Daniel Lemire's blog

, 4 min read

On the quality of academic software

Software is eating the world. Despite a poor year, Facebook has a market capitalization of $65 billion. This little company with barely 2000 developers is worth as much as a car marker.

Students should take notice. I would expect countless students to come to college demanding top-notch software training. I would expect graduate students to produce gorgeous software programs.

Yet software produced in universities and colleges is awful, and it is not getting better. I have an explanation:

  • Most professors spent little time programming. And because they don’t program, they do not enforce good practices such as code reviews and unit testing. Don’t believe me? Try to look up your favorite professor on GitHub. Does he proudly display the code he produced?- Because few professors program, it should not come as a surprise that there are few, if any, publication outlets for academic researchers who want to present their software products. In turn, it means that if you produce high quality software, few of your academic peers will even know about it.
  • Most academic software is written by students who lack the experience and the incentives to produce good software. You would think that after spending four years in college and attending countless classes where they have programming assignments, most computer science and engineering students would be decent programmers. That is not my experience. And part of the reason is that schooling is a process by which you emulate your teachers. I am sure that if you attend four years of schooling with Linus Torvalds, you would become a decent kernel programmer. However, Linus is not, nor is he ever likely to be, a college professor. College professors don’t spend much time programming and neither do their students.

So, academic software is awful because academic folks aren’t that great at programming. But there are also other factors involved:

  • Programming can be as easy as cooking eggs or building a bird house. That is, it is not very difficult to write a PHP script to display the content of a database inside a browser. But producing novel software requires the programmer to act as creator. While your programming classes might teach you how to cook an egg (metaphorically speaking), they fall short of teaching you how to design a new dish for a 4-star restaurant.

And the bar for novelty is lower than you might expect. Given an algorithm taken out from a research paper, dozens of implementations are possible, most of them inefficient. It takes a lot of work and experience to come up with the right design even if the full pseudo-code is provided to you. And making sure you implemented it properly can be much harder than one expects. There is very little appreciation for this fact among theoreticians who often believe that the hard part is designing an algorithm with nice theoretical properties. They fail to recognize that there might be orders of magnitude differences in speed between two algorithms having the same computational complexity.

In effect, suppose you were provided a summary of Stephen King’s next novel. Could you beat King to it and produce as good a novel? Doubtful. Software is similar. Execution is everything. A clever plot is worthless.

  • Most academic researchers write software for themselves. As Cook put it: “People who have only written software for their own use have no idea how much work goes into writing software for others.” Cooking your own food is a lot easier than being a chef in a restaurant. The difference between the two is at least an order of magnitude, if not two.

There is very little appreciation for this fact in academia. The default is to write throw-away code: you write the code, you use it and you forget about it. Issues like maintenance and documentation are discussed at length in some classes, but it is rarely put in practice within academia.
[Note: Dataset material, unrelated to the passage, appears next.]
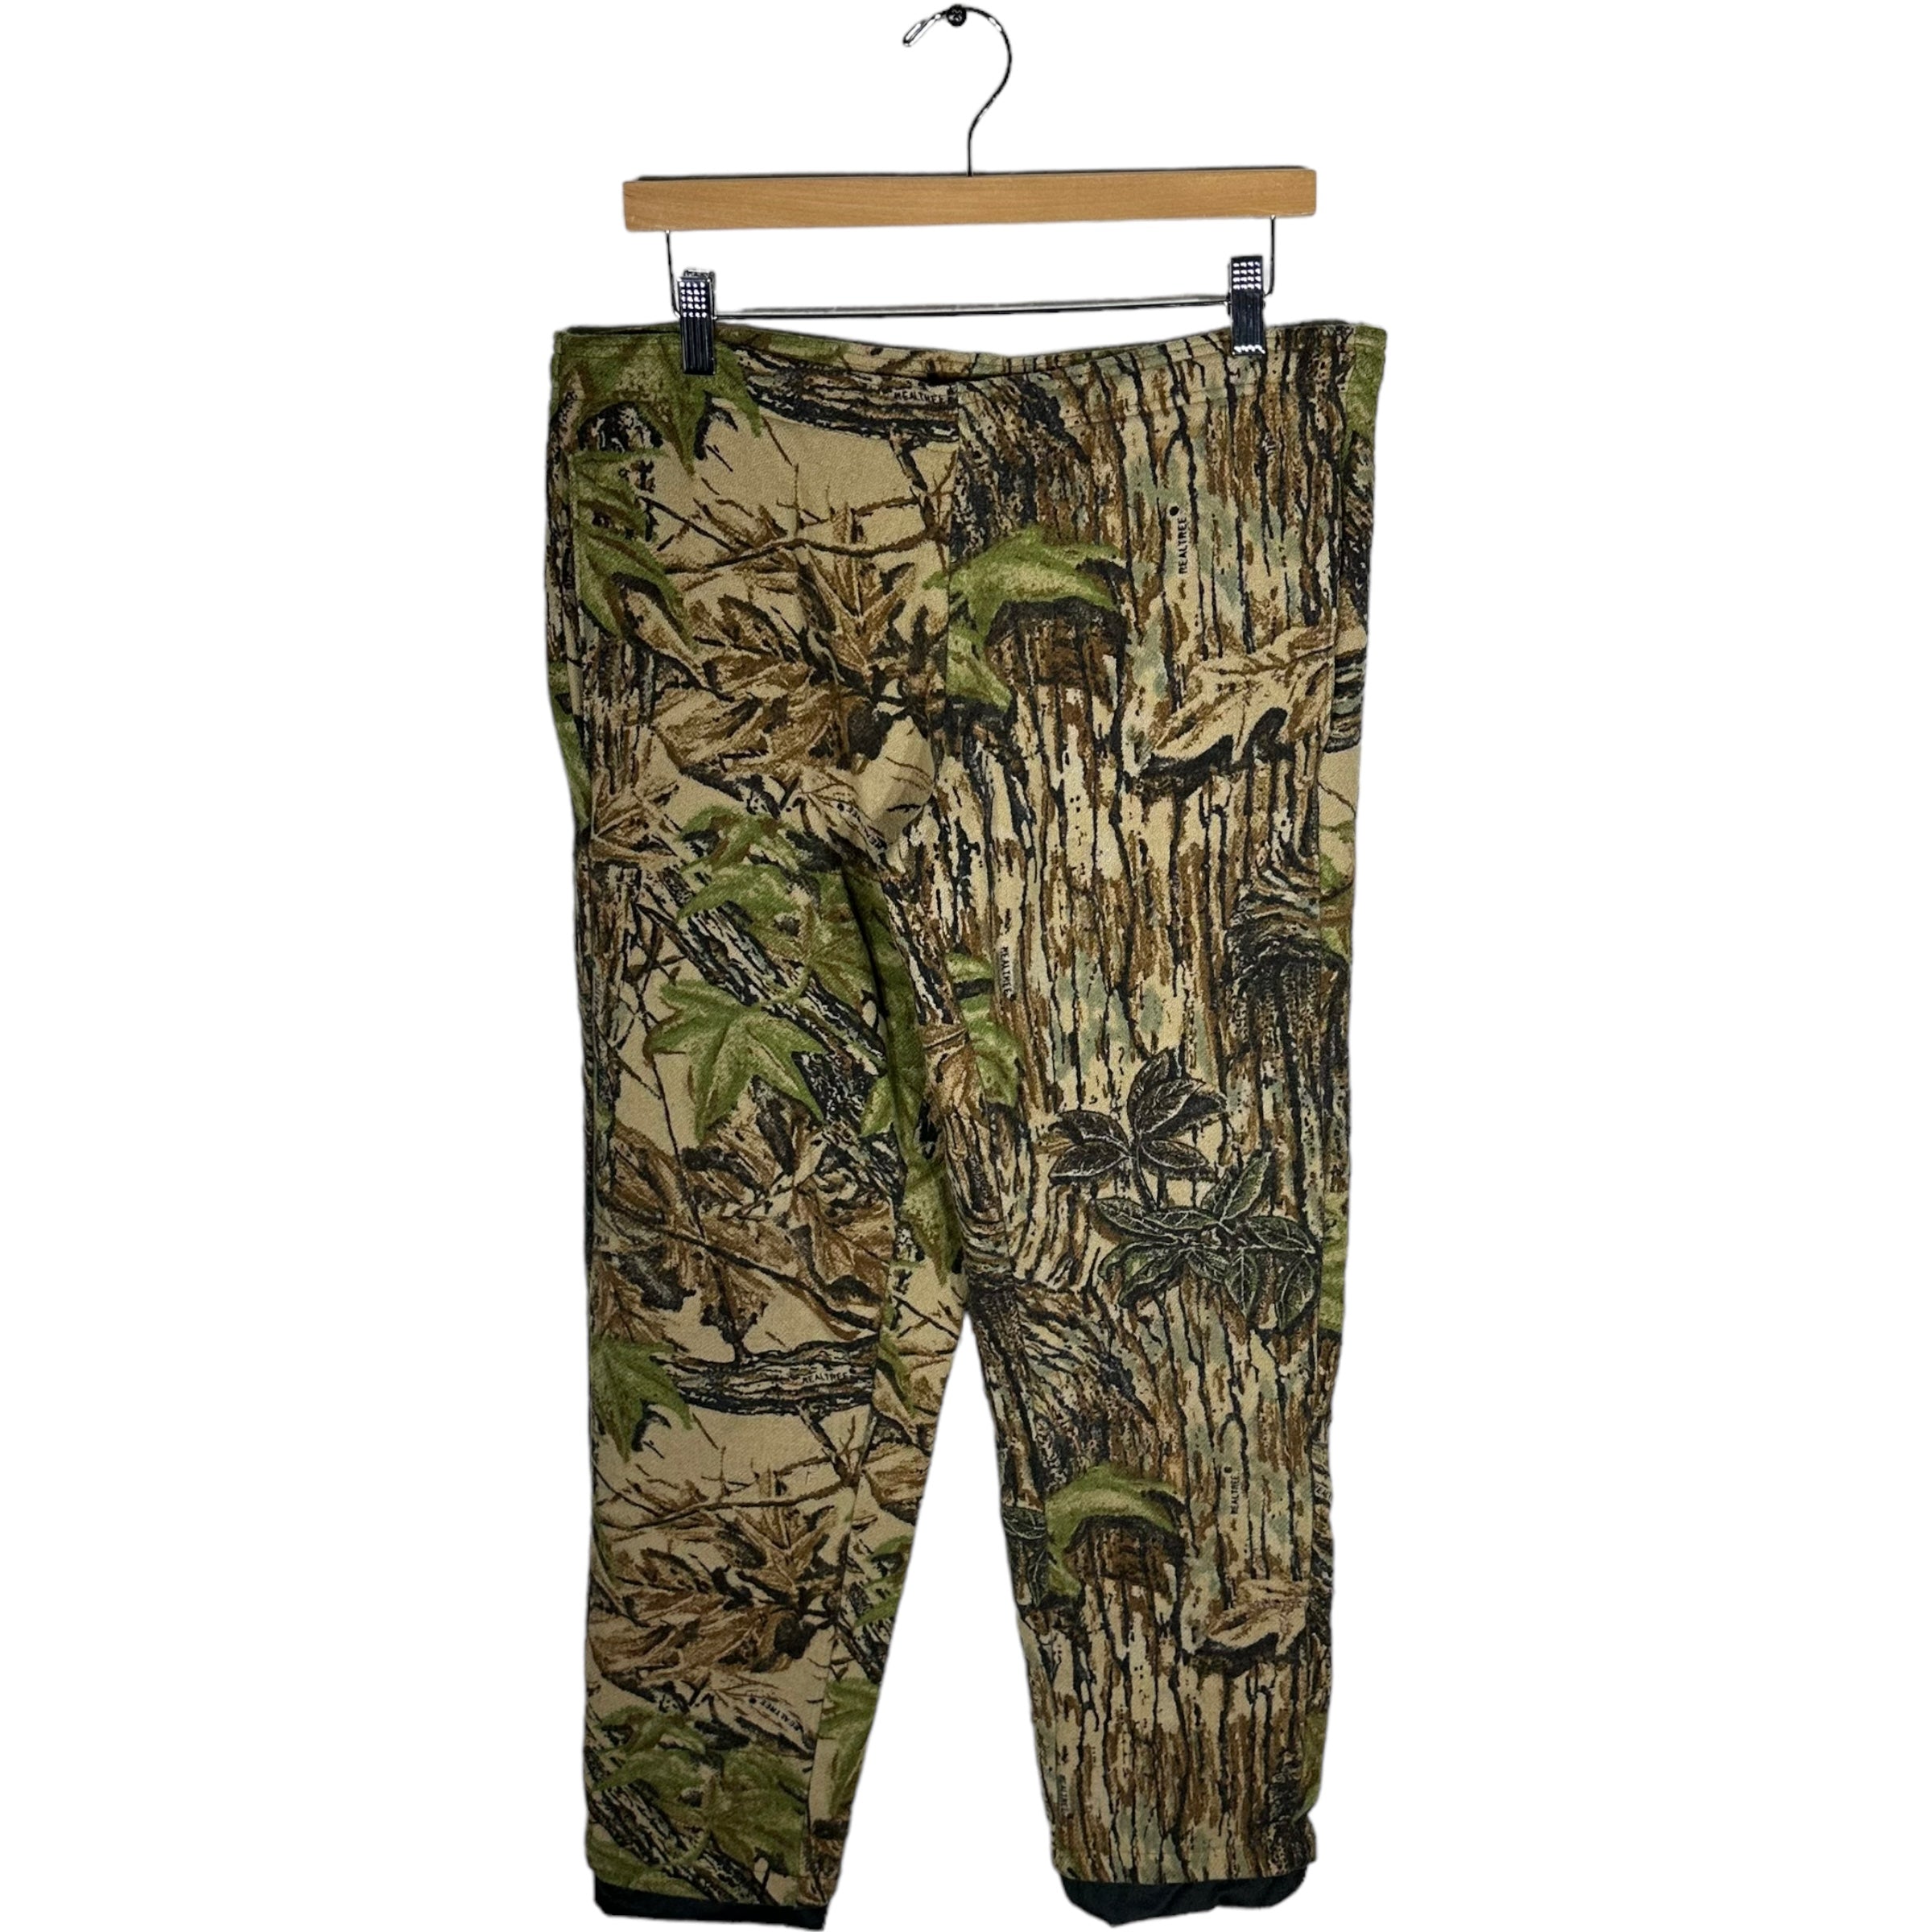 Vintage RealTree Camo Insulated Sweatpants

So, what about the future? I remain pessimistic regarding academic software. There will always be exceptions, but as a rule, I expect mediocrity to remain. Hence, when I review a research paper or a thesis, I expect the software supporting it to be awful. And I expect whoever hires new programmers to think the same. And there is a practical consequence to my pessimism: perhaps if you hope to get a job as a Facebook engineer, you ought to spend more time on GitHub and less time in the classroom. If you are lucky, you might convince your school to grant you a few credits for your open source work.

Further reading: In a recent blog post, Google’s Matt Welsh states that he wasted millions of dollars as a Harvard professor. How? By producing software prototypes that were later thrown away. Maybe his code could have stood the test of time if only the university had better supported its commercialization. I have my doubts.

You might also want to read In the long run… by Suresh Venkat for a description of the distance between software practice and theoretical computer science.